Belle (Emma Watson) and her inventor father, Maurice (Kevin Kline), have moved to a small town in the French countryside. Belle finds it stiflingly boring and her only joy is borrowing books from the local clergyman (Ray Fearon) while avoiding the amorous intent of local war hero Gaston (Luke Evans). When her father leaves to sell his wares, Belle asks only for a single rose. Unfortunately, Maurice gets lost on the way home and accidentally wanders into a cursed castle. He takes a rose from the grounds but is immediately captured by the Beast (Dan Stevens), who locks him in the tower. Concerned, Belle retraces her father's journey and offers to trade places. The Beast agrees mostly out of spite. His loyal servants are elated, thinking that Belle could be the one to cause their master's hard heart to soften and break the curse that keeps them household objects.
The animation has certainly gotten better. This movie is visually stunning. And the costumes are gorgeous, so it's in a good place as far as its two nominations. The cast is incredible, as befits a Disney movie. Overall, it's a solid film but I have some minor issues.

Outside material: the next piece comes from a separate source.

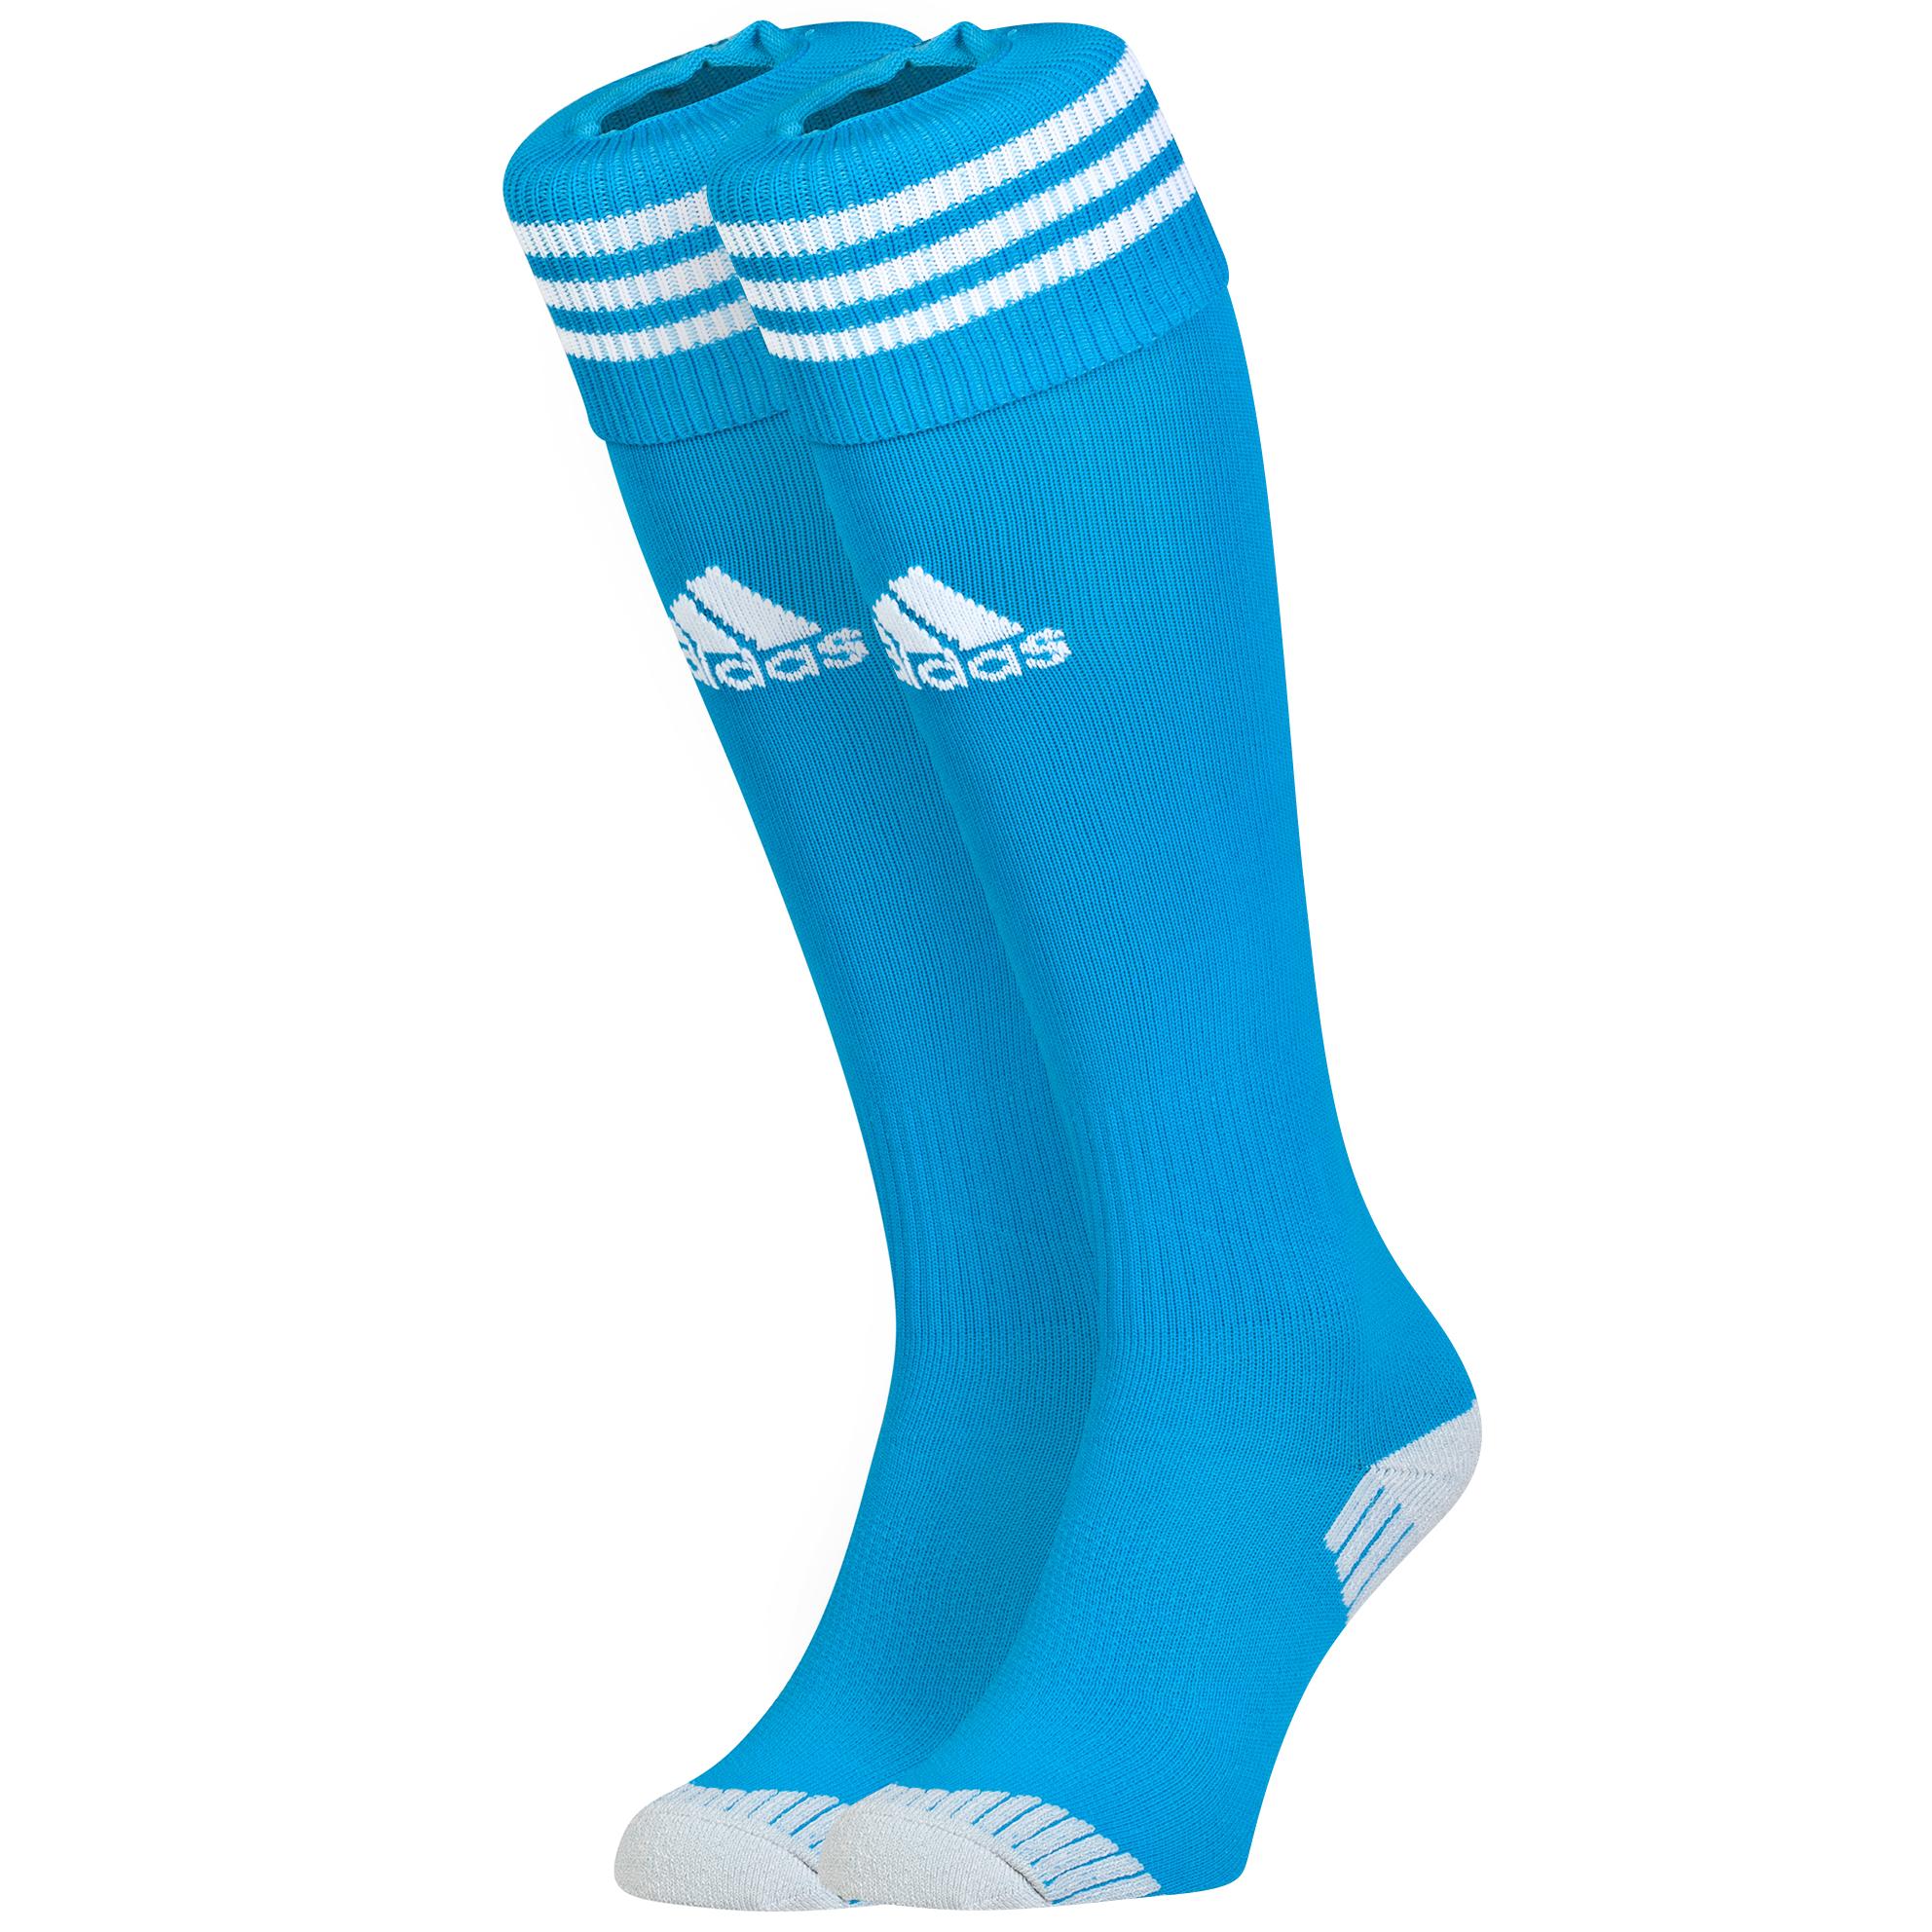 Sunderland Away Sock 2014/15 - Lt Blue

Emma Watson is no Paige O'Hara but her singing is good enough, considering how much star power she brings. Luke Evans is amazing as Gaston. Of all the cast, he looks like he's having the most fun. Dan Stevens is under so much CGI, including changing his voice, he could have been anyone as the Beast but it's worth it for the few scenes he has as a real human. However, I hated Ewan McGregor as Lumiére. It just did not work for me. I think it's his worst role since Jack the Giant Slayer. Stanley Tucci would have been so much better, but instead he's wasted as the harpsichord, Cadenza.

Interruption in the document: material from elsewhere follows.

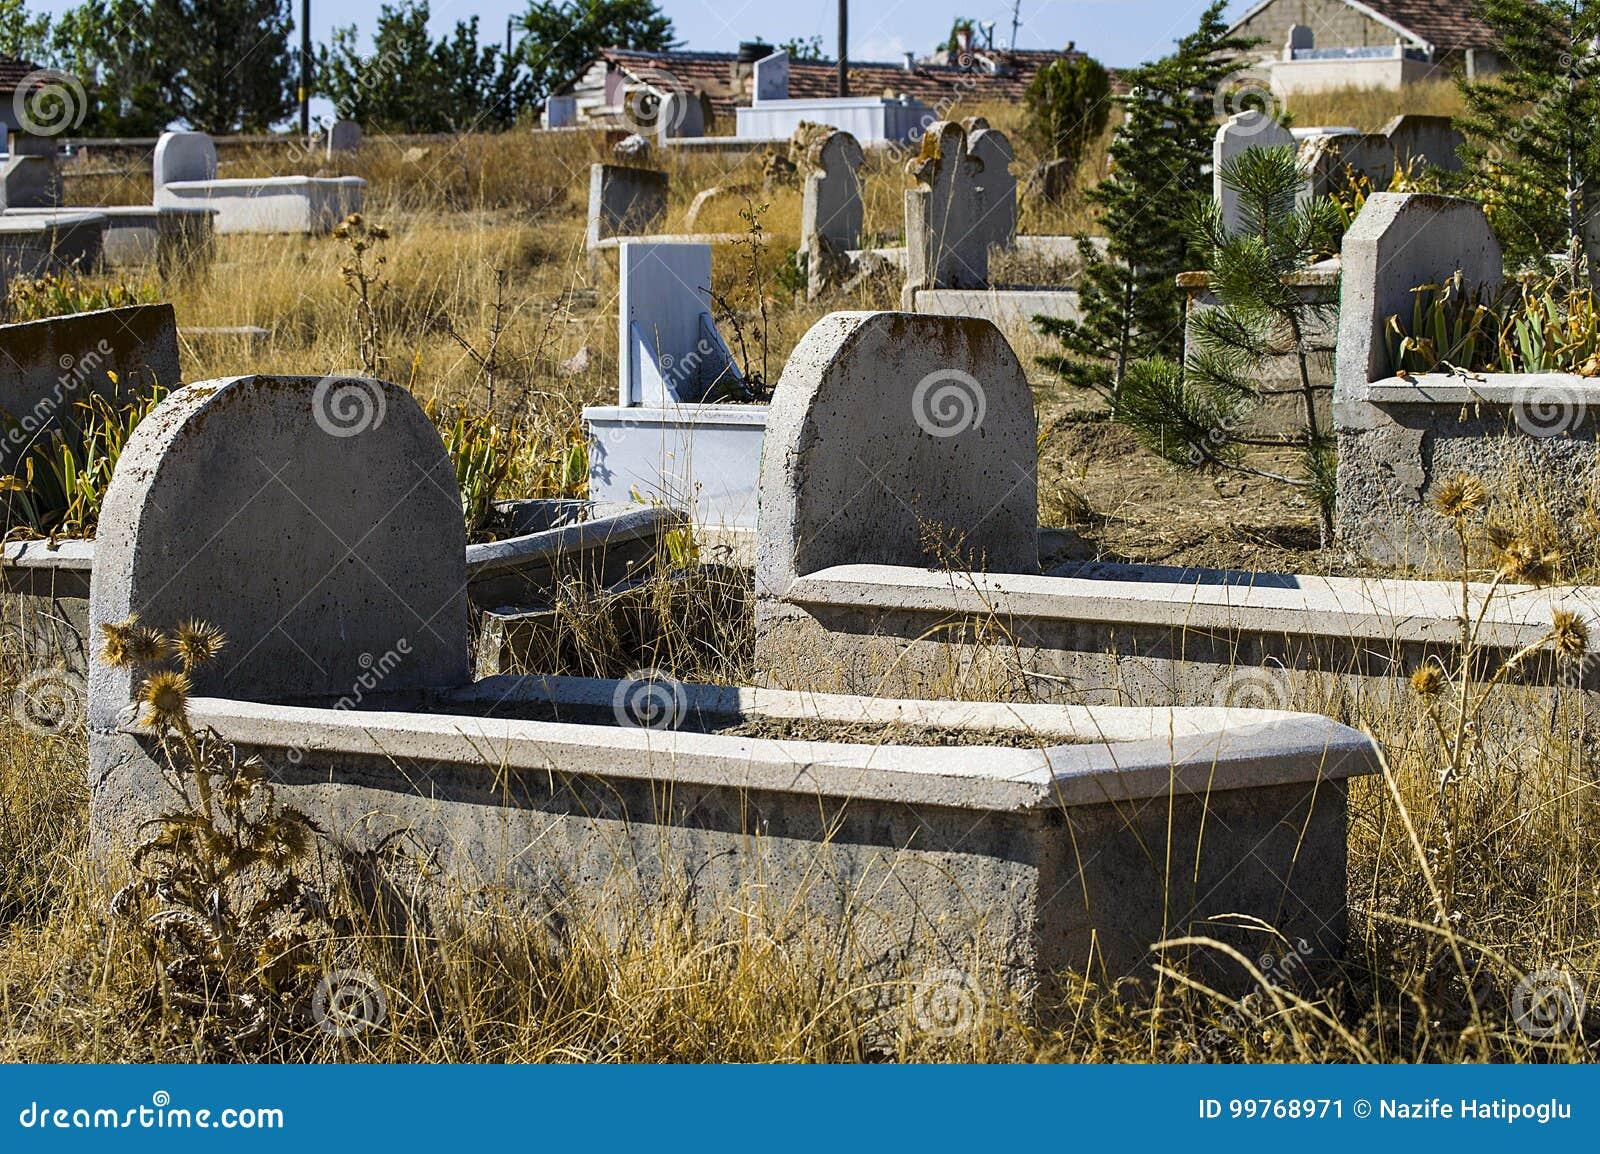 Muslim Graveyard, Graveyard Paintings, Tombstones And The

I thought the attempts to be more diverse with the casting were admirable if heavy-handed. I liked that the Beast finally got his own song, "Evermore," and I thought "Days in the Sun" was a better number than "Human Again," which was cut from the original animated film. But Audra McDonald is a goddamn Broadway legend and she was criminally wasted here.
More pluses than minuses but as always your mileage may vary.